Requirement: Give back exactly the lines of the material below, starting with the line with "1957 The Cat" and going on through the line with "An infographic showing".

Material for the task:
┄┄┄┄┄┄┄┄┄┄

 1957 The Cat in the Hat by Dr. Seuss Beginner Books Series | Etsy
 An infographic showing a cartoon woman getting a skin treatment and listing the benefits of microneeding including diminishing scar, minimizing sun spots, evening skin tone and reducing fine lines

┄┄┄┄┄┄┄┄┄┄

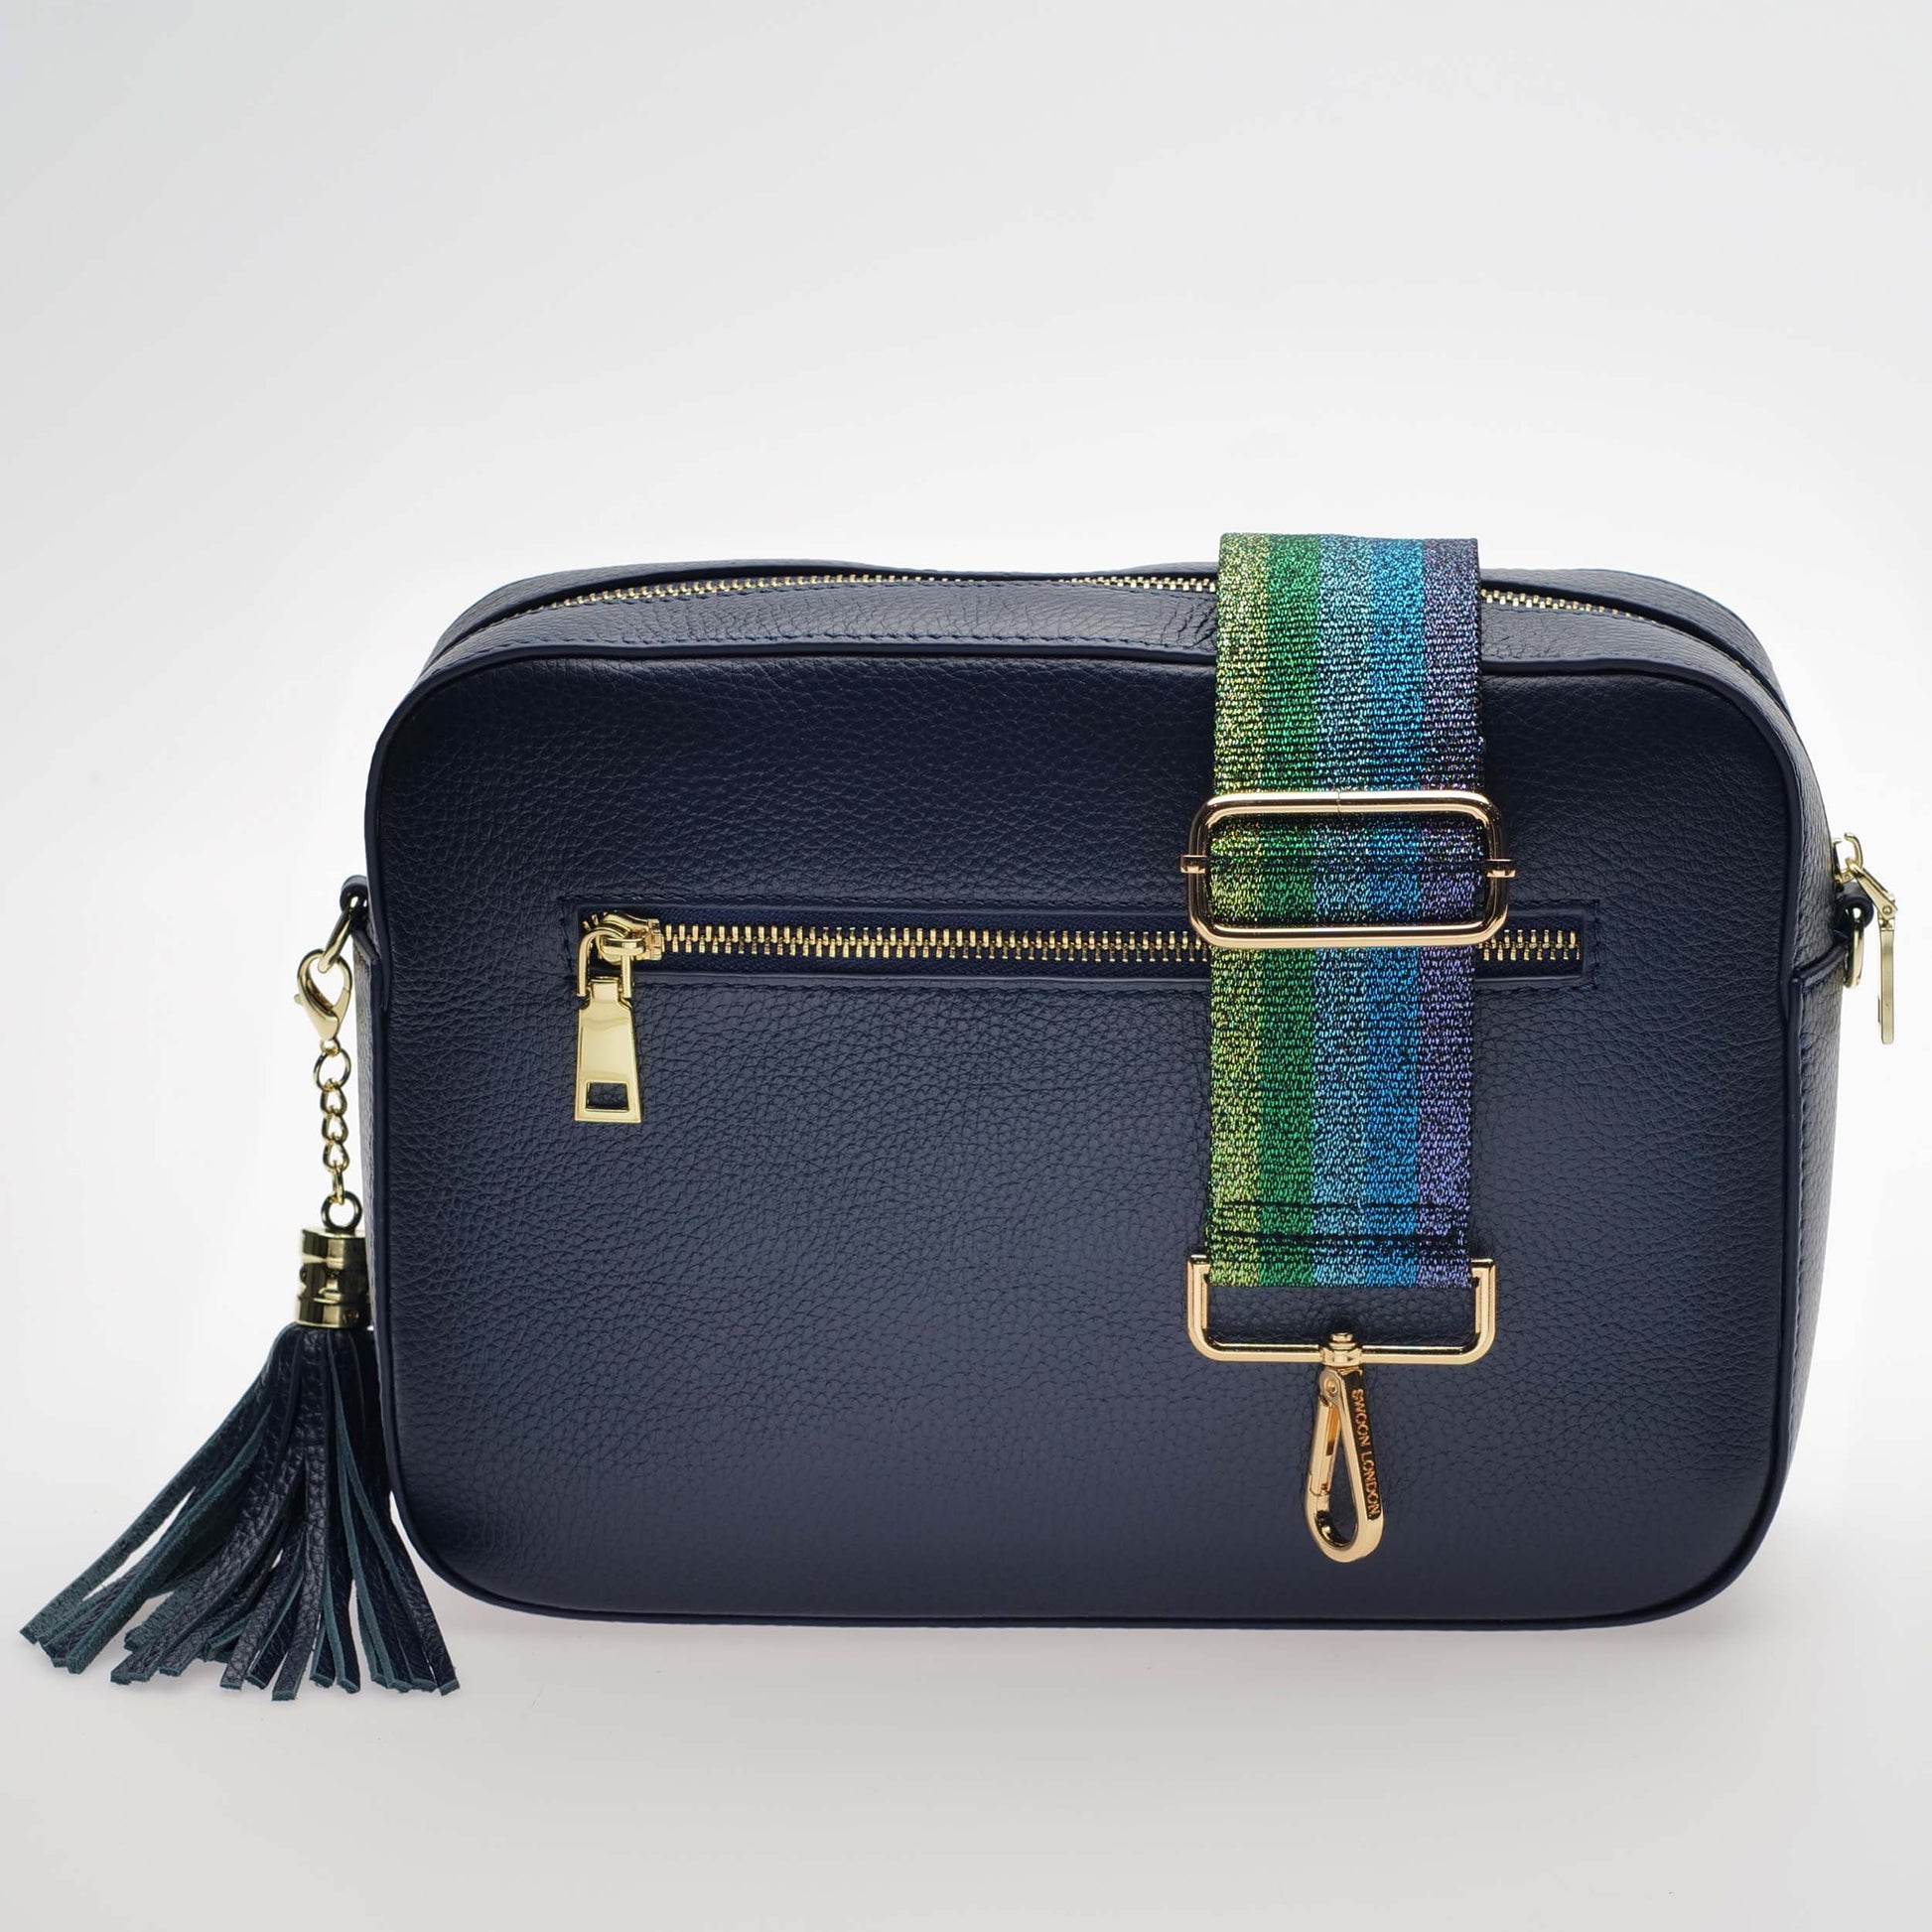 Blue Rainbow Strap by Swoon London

┄┄┄┄┄┄┄┄┄┄

Response box:
 1957 The Cat in the Hat by Dr. Seuss Beginner Books Series | Etsy
 An infographic showing a cartoon woman getting a skin treatment and listing the benefits of microneeding including diminishing scar, minimizing sun spots, evening skin tone and reducing fine lines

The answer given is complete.